> Brief: In the records below, one line contains "Mudd open toe heels". Print that line and every line after it exactly, down to the final one.

(Extracted data entries)
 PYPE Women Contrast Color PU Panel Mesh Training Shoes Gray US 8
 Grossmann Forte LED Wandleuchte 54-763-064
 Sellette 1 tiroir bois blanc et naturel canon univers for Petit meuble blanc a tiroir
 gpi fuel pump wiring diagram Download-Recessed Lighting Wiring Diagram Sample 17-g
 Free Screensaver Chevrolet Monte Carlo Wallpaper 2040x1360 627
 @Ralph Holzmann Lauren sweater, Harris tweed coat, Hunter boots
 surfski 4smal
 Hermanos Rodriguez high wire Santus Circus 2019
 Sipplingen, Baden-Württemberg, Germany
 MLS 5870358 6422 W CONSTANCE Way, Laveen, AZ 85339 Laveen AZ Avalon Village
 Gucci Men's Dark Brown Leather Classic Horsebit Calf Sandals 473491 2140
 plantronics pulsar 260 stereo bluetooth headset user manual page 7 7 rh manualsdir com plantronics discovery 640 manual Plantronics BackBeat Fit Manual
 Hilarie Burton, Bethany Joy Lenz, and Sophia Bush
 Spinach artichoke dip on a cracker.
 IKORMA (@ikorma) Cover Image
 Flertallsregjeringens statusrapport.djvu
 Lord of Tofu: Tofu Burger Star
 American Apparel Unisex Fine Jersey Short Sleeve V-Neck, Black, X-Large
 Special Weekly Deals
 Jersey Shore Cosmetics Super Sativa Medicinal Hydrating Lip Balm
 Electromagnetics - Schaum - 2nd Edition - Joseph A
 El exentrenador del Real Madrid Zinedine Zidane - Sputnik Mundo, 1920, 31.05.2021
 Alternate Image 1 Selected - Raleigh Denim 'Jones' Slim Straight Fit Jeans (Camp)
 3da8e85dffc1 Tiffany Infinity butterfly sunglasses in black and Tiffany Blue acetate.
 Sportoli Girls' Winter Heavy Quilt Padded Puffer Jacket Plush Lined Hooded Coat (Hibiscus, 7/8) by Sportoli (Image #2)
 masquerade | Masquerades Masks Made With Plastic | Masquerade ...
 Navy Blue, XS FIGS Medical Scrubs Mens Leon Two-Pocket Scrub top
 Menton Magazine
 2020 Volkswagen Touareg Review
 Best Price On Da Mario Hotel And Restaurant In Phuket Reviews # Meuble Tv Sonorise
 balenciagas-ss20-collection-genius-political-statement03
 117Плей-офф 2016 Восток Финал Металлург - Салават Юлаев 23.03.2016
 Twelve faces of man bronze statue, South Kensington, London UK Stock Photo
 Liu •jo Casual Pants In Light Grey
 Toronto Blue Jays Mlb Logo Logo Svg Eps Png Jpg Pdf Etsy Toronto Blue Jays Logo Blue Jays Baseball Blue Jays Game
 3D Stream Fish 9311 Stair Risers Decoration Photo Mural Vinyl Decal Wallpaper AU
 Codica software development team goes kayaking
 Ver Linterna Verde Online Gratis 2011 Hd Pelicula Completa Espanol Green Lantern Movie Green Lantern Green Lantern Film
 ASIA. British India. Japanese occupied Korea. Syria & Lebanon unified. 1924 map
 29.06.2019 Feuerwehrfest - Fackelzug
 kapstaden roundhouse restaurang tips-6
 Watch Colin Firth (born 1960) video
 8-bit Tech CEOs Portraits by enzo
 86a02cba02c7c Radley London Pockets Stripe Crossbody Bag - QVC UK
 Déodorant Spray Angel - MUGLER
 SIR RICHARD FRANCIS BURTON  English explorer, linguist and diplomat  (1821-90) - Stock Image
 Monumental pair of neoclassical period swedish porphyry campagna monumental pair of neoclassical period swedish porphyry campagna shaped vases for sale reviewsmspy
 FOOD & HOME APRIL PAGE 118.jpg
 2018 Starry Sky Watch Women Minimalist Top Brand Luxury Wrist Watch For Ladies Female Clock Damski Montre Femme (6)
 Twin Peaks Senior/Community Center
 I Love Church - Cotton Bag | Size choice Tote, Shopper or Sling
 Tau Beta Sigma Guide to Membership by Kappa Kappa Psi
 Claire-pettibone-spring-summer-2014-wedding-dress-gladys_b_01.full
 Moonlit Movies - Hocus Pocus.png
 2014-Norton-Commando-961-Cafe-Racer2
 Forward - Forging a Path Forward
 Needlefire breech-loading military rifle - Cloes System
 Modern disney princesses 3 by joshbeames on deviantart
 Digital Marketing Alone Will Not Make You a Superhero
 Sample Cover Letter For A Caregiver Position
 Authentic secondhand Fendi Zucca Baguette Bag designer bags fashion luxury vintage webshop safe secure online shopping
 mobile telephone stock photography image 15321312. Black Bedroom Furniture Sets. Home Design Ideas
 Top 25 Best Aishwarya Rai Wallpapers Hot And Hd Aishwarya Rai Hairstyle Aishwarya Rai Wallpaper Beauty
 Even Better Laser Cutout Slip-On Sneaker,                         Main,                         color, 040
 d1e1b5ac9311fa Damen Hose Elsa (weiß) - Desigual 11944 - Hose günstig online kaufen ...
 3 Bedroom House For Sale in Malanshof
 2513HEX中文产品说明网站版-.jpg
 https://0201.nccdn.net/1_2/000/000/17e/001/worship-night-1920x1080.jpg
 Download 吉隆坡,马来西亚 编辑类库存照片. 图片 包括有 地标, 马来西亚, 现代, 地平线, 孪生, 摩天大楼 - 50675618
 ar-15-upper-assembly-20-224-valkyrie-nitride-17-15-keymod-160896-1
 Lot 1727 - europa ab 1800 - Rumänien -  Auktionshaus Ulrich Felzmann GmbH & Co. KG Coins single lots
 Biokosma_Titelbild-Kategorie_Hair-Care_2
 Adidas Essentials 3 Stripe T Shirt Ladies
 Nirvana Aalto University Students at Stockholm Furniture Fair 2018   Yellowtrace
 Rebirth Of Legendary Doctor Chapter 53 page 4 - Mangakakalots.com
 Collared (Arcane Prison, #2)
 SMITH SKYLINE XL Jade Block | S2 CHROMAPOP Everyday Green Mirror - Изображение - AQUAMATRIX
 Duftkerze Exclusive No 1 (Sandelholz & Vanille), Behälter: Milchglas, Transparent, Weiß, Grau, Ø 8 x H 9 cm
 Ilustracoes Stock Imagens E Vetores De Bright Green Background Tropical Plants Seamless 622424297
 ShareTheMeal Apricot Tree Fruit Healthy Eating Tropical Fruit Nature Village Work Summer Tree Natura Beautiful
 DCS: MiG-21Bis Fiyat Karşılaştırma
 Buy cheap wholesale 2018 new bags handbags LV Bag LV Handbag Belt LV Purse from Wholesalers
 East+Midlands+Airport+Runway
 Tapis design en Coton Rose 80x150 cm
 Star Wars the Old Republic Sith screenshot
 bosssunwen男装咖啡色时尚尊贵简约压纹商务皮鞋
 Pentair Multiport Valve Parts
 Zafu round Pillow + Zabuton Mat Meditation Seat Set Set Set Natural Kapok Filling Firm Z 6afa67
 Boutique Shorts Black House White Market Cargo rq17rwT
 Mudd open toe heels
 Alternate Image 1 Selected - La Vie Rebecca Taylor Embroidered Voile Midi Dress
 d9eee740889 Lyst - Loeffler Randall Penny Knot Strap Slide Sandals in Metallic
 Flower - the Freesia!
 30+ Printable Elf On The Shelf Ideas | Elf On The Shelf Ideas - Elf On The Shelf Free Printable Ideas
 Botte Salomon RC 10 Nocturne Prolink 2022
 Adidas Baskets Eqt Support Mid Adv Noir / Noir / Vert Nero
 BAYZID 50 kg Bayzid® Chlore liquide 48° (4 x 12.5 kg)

> Answer to the exercise:
 Mudd open toe heels
 Alternate Image 1 Selected - La Vie Rebecca Taylor Embroidered Voile Midi Dress
 d9eee740889 Lyst - Loeffler Randall Penny Knot Strap Slide Sandals in Metallic
 Flower - the Freesia!
 30+ Printable Elf On The Shelf Ideas | Elf On The Shelf Ideas - Elf On The Shelf Free Printable Ideas
 Botte Salomon RC 10 Nocturne Prolink 2022
 Adidas Baskets Eqt Support Mid Adv Noir / Noir / Vert Nero
 BAYZID 50 kg Bayzid® Chlore liquide 48° (4 x 12.5 kg)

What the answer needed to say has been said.